- Siege of Mantua: Part of Suvorov's Italian campaign during the War of the Second Coalition
| Date | April–July 1799 |
| Location | Mantua, present-day Italy45°09′36″N 10°48′00″E﻿ / ﻿45.1600°N 10.8000°E |
| Result | Austrian victory |

Belligerents
- France Polish Legion;: Austria

Commanders and leaders
- François Philippe de Latour-Foissac [fr]: Pál Kray

Strength
- 10,000 657 artillery pieces: 8,000 rising to 40,000 ~150 artillery pieces

Casualties and losses
- 1,700 dead 1,400 or more wounded: Unknown

= Siege of Mantua (1799) =

Part of the War of the Second Coalition

The siege of Mantua (1799) was a four-month effort by the Austrian army to regain a presence in northern Italy after being excluded from that region by Napoleon Bonaparte through the successful French siege of Mantua in 1797. In April 1799, the Austrians placed a military blockade around Mantua as part of the War of the Second Coalition with the intent of withering the French by attrition. While the diminishing food supplies and losses weakened the French army, the Austrians received reinforcements and attacked on 4 July 1799. By the end of the month, the French agreed to surrender.

== Background ==
The War of the Second Coalition that begun around late 1798 or early 1799 (depending on periodization) was the second war on revolutionary France by most of the European monarchies. Austria, still weakened and in deep financial debt from the War of the First Coalition, sought primarily to recover its position and come out of the war stronger than when it had entered. It aimed to regain a presence in northern Italy after being excluded from that region by Napoleon Bonaparte through the successful French siege of Mantua that ended in French Victory in 1797 during the War of the First Coalition.

==Prelude==

By 1799, the fortress of Mantua on the river Mincio in northern Italy was in poor shape. It was commanded by viscount lieutenant general François Philippe de Latour-Foissac and garrisoned by a diverse force of 10,000, including French, Polish (Polish Legionnaires under general Józef Wielhorski), Italian (Republic of Alba and Cisalpine Republic), Swiss and German units.
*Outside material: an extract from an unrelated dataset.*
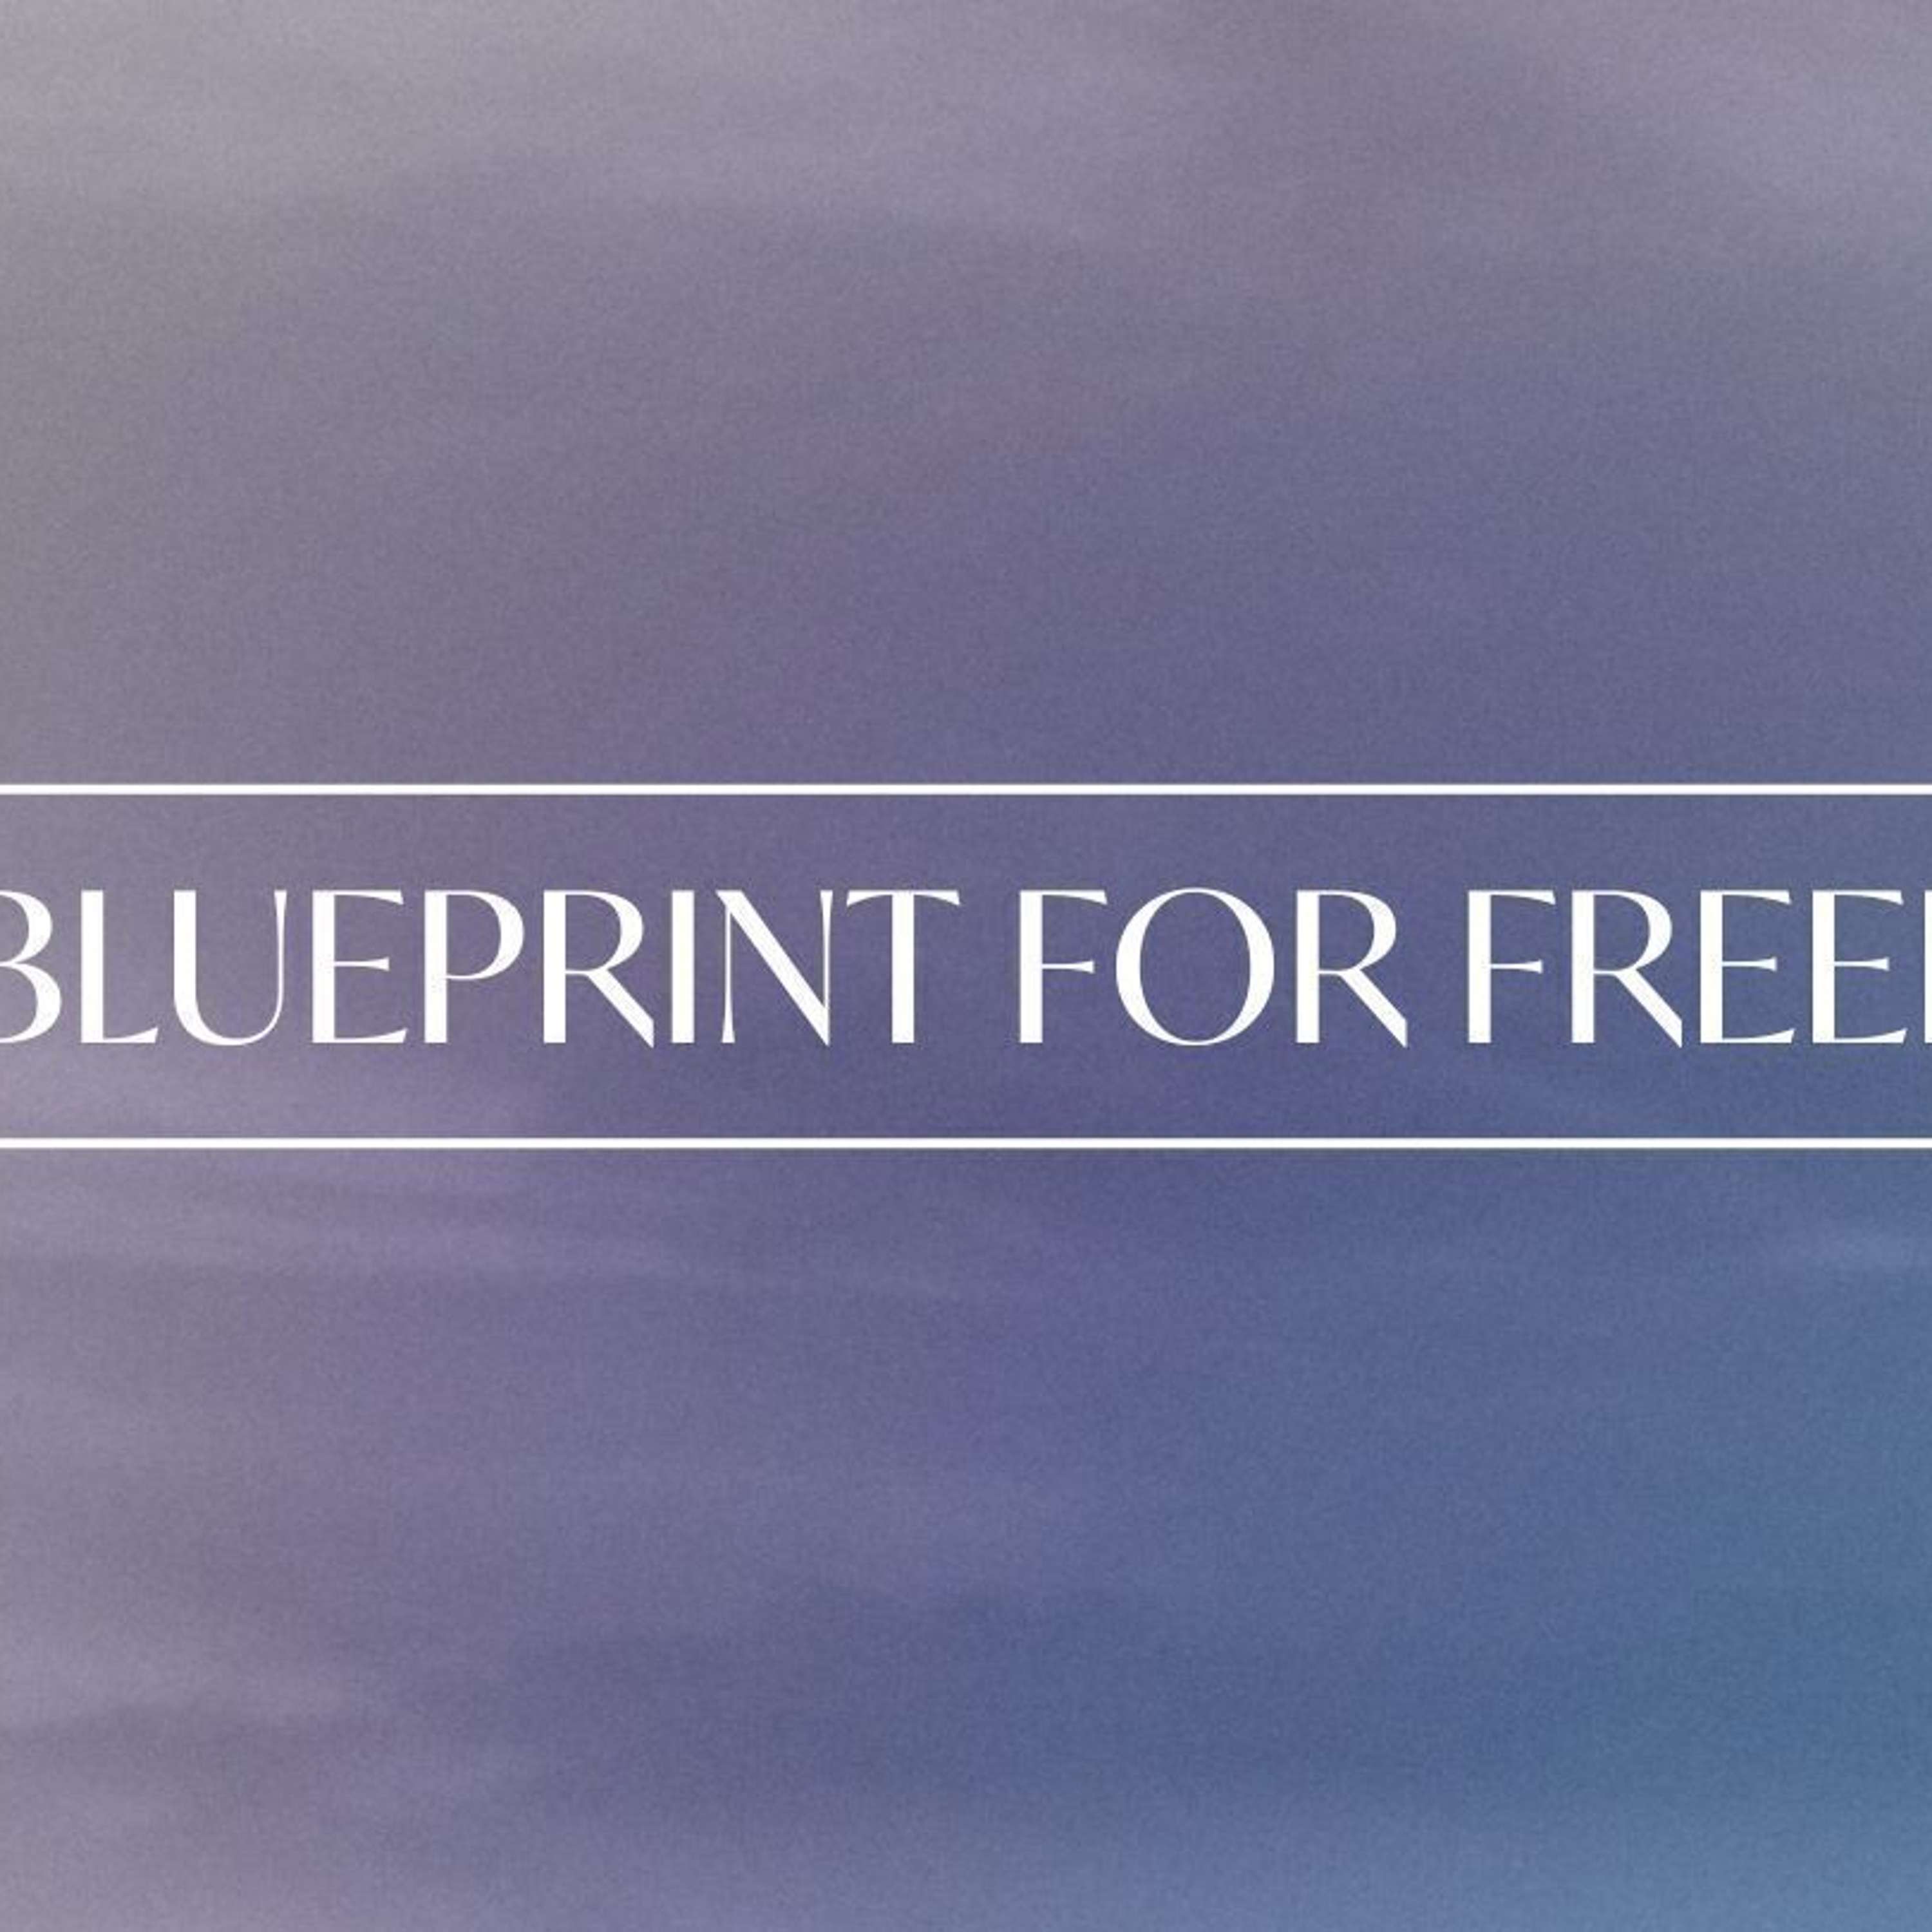 The Blueprint for Freedom: The Problem Jesus Came to Solve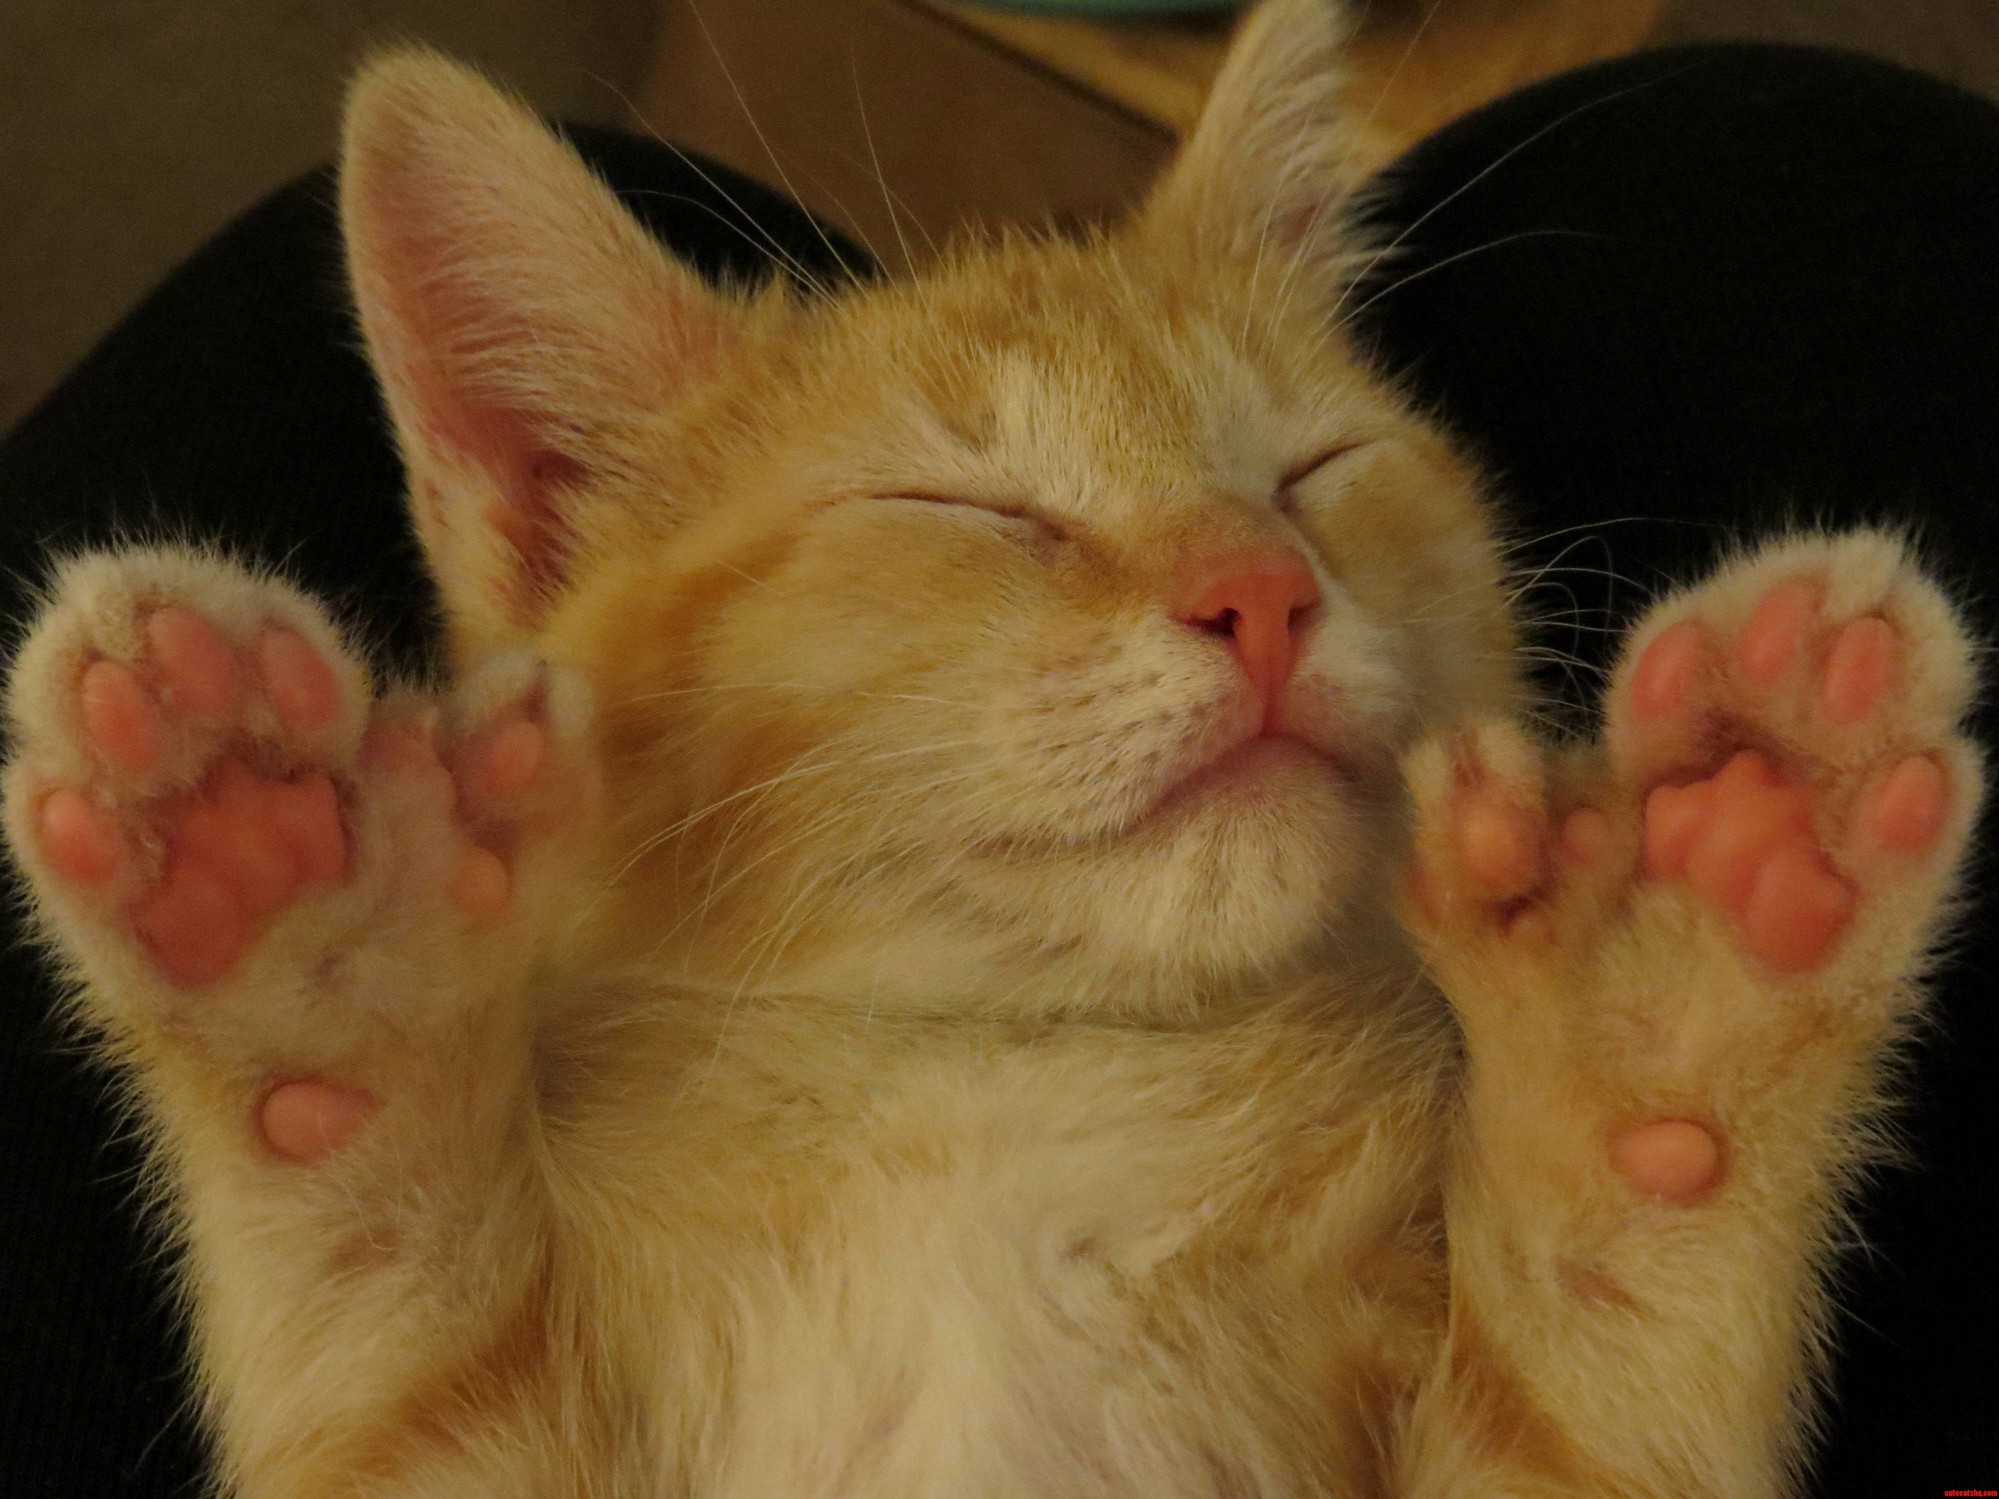 Our foster kitten Fonzie has nine toes on each foot.

From the beginning of his assignment, Foissac-Latour, an engineer, was convinced that the fortress would be indefensible in any serious siege.

==Siege==

In April, Austrian forces approached Mantua and started their siege. At first, the Austrians were content to simply blockade the fortress, but with the artillery duels and occasional skirmishes, attrition began taking its toll on the defenders. The defenders were also weakened by diminishing food supplies, and their morale was undermined by lack of payment.

On 18 June, the French suffered a defeat at the Battle of Trebbia, and consequently the Austrians were able to move more decisively against Mantua. On 4 July the siege entered a new stage, with Austrian reinforcements arriving, and the besieging force growing from 8,000 to 40,000. The Austrians were commanded by Hungarian general Baron Pál Kray, an artillery expert. Artillery bombardment was constant. On 24–25 July the assault begun; and the Austrians slowly advanced over the next few days. On 27 July Foissac-Latour began negotiating surrender terms.

==Capitulation==

The Austrians agreed to release most of the French garrison, keeping the officers for three months, and with soldiers pledging not to take arms until the prisoners were exchanged by the fighting sides. In a secret protocol, however, the Austrians demanded full sovereignty over "deserters from the Austrian army". After protests from the Polish officers — who were afraid that due to recent partitions of Poland in which Austria gained control over parts of Poland that the Austrians may want to take custody of the Polish legionnaires — the Austrian negotiator clarified officially that they meant any deserters from the current Austrian army or former Austrian soldiers serving in the Cisalpine Republic Army.

On 30 July the French and allied troops left the fortress. The garrison troops were split into French and non-French units (of whom Poles still constituted 1,800); the Austrian soldiers observing the marching non-French garrison troops were given permission to physically assault those "recognized" as deserters and most of them were eventually arrested. Polish officers — particularly those from the Austrian partition — were forced to enlist in the Austrian army or deported to partitioned Poland, and a similar fate befell Polish NCOs and regular soldiers, many of whom were also forced to suffer physical punishment by being beaten with rods. This marked the end of the Second Legion of the Polish Legions. Foissac-Latour was later criticized by the Poles for what they considered "betrayal", but also by the French: for his surrender, Napoleon himself ordered Foissac-Latour stricken from the list of generals and forbade him to wear a military uniform.